DISCOVER APRENDE
THE CONTEXT
Nuclear data is the foundation for safe and efficient applications in energy and beyond. The current trends in the development of nuclear technology in the EU is being shaped by:
- Resurgence of Nuclear Start-ups and SMRs: The European nuclear industry is experiencing a renaissance, driven by the emergence of Small Modular Reactors (SMRs) and numerous innovative start-ups integrating digital technologies.
- Strategic Autonomy in Nuclear Fuel: Due to geopolitical concerns, Europe emphasizes nuclear fuel strategic autonomy, aiming for self-sufficiency in nuclear fuel production to enhance energy security.
- Decarbonisation of Hard-to-Abate Sectors: Nuclear energy is seen as crucial to achieving the EU Green Deal and climate mitigation targets by 2030, especially in traditionally challenging sectors like steel, cement, petrochemicals, aluminum, aviation, concrete, shipping, and trucking, collectively responsible for around 30% of global emissions.
- Role of Nuclear Hydrogen: There's significant potential in nuclear hydrogen production, particularly using High-Temperature Gas-cooled Reactors (HTGRs), for decarbonising industries such as steelmaking.

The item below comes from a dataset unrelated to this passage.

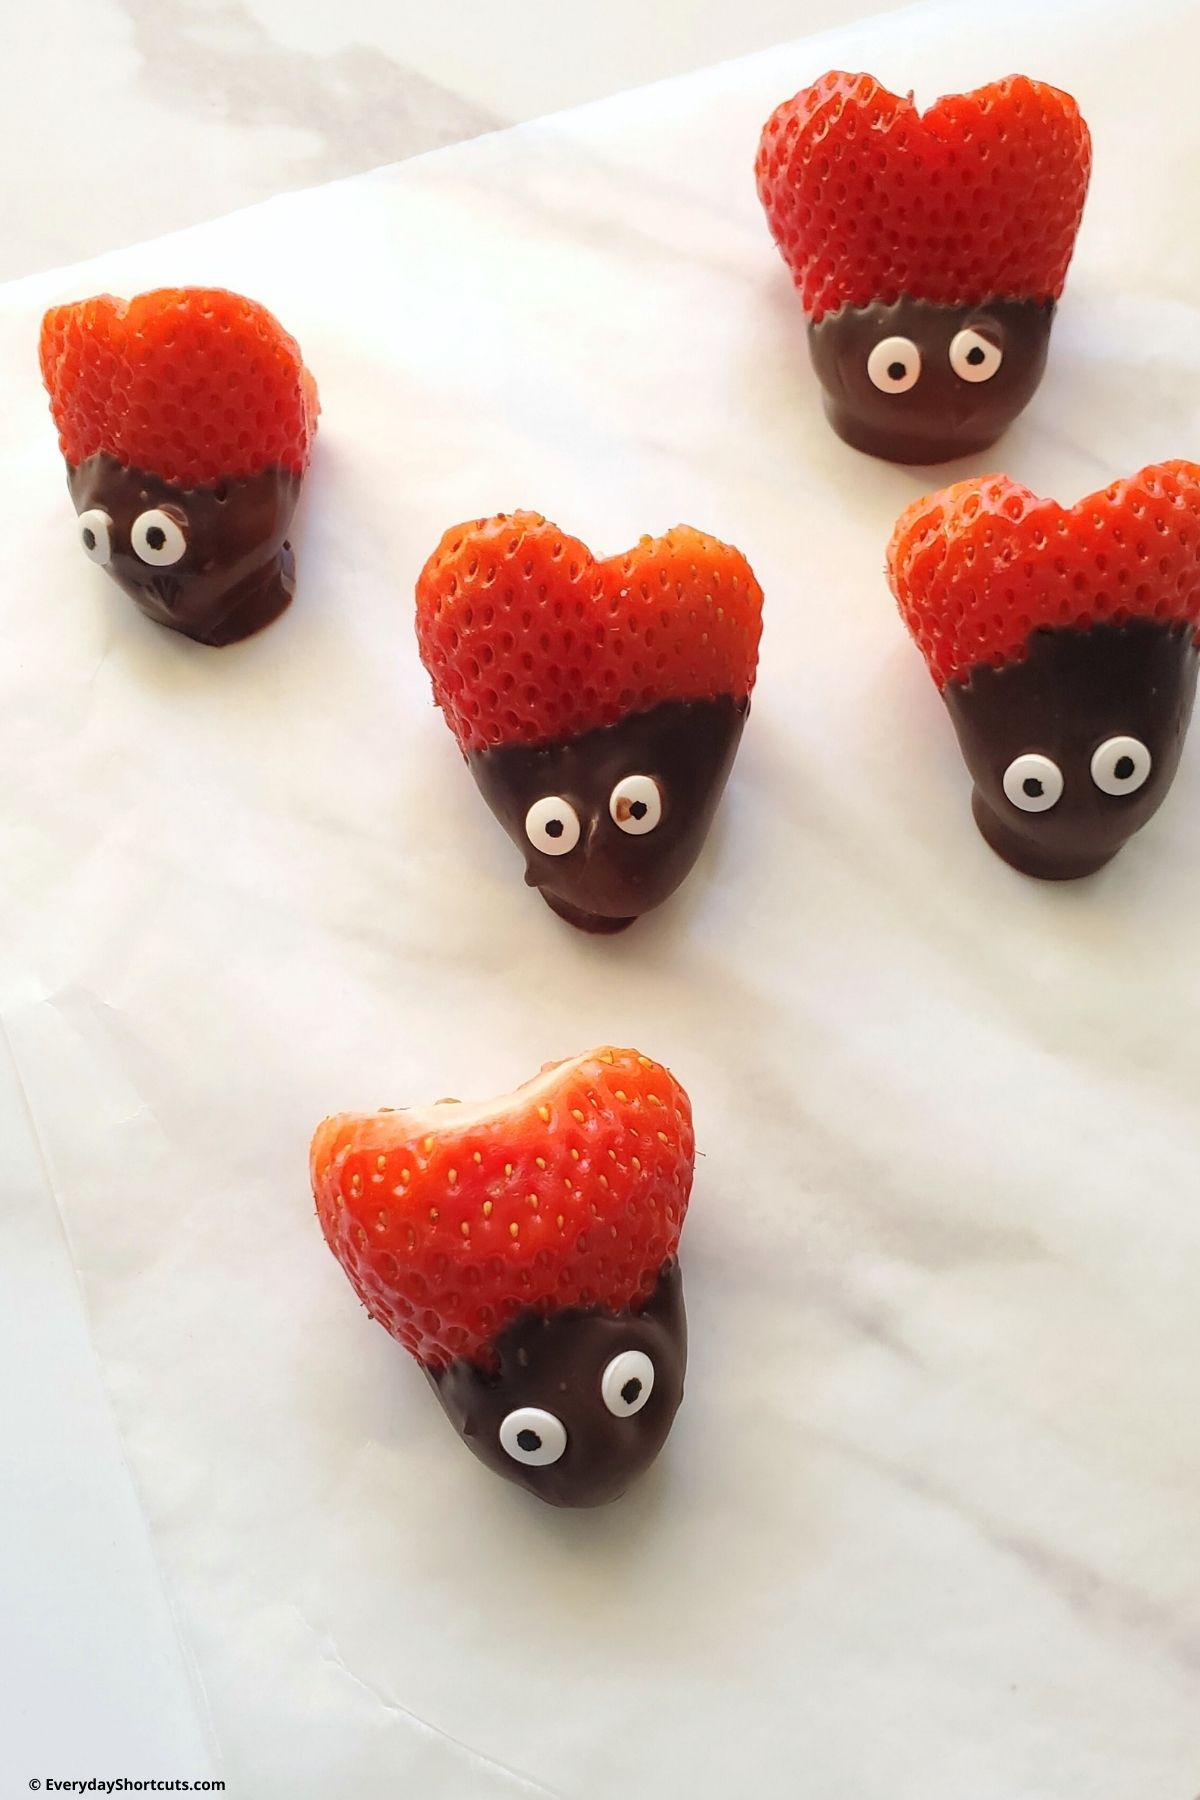 strawberries with chocolate dipped on one end and candy eyes

HTGRs have already been implemented in some European countries and continue to be developed.
- Circular Economy and Waste Management: Nuclear technology is being explored within the EU’s circular economy strategy, particularly to manage radioactive waste sustainably.
- Nuclear Energy in Space: The EU is evaluating opportunities to become a key player in applying nuclear energy to space exploration and related activities.
- Artificial Intelligence (AI) Regulation: Rapid advancements in AI technology necessitate regulatory oversight for safety, and historical frameworks like the Euratom Treaty provide useful models for cooperative governance in contemporary technological challenges.
- Attracting Young Talent: The sector requires continuous attraction and retention of skilled young professionals to sustain expertise and safely manage innovative nuclear technologies into the future.
- Long-term Strategic Outlook: The EU emphasizes an anticipatory approach to nuclear policy, identifying mid-term (2033) and long-term (2053) threats and opportunities to guide future nuclear energy development.
APRENDE responds to the challenges and demands most of these fields, ensuring Europe remains at the forefront of nuclear research and applications.
OBJECTIVES
APRENDE focuses on 8 objectives:
EXPECTED IMPACTS
APRENDE’s expected impacts include
Enhanced Experimental Capabilities: Improved accuracy in nuclear reaction and decay data through advanced equipment and infrastructure development.
Improved Nuclear Data Quality: More precise cross-sections, fission yields, and decay data will refine nuclear reaction models (e.g., TALYS, EMPIRE).
Increased Data Availability: New experimental setups will provide critical neutron cross-section data for various reactions, benefiting nuclear industry and research.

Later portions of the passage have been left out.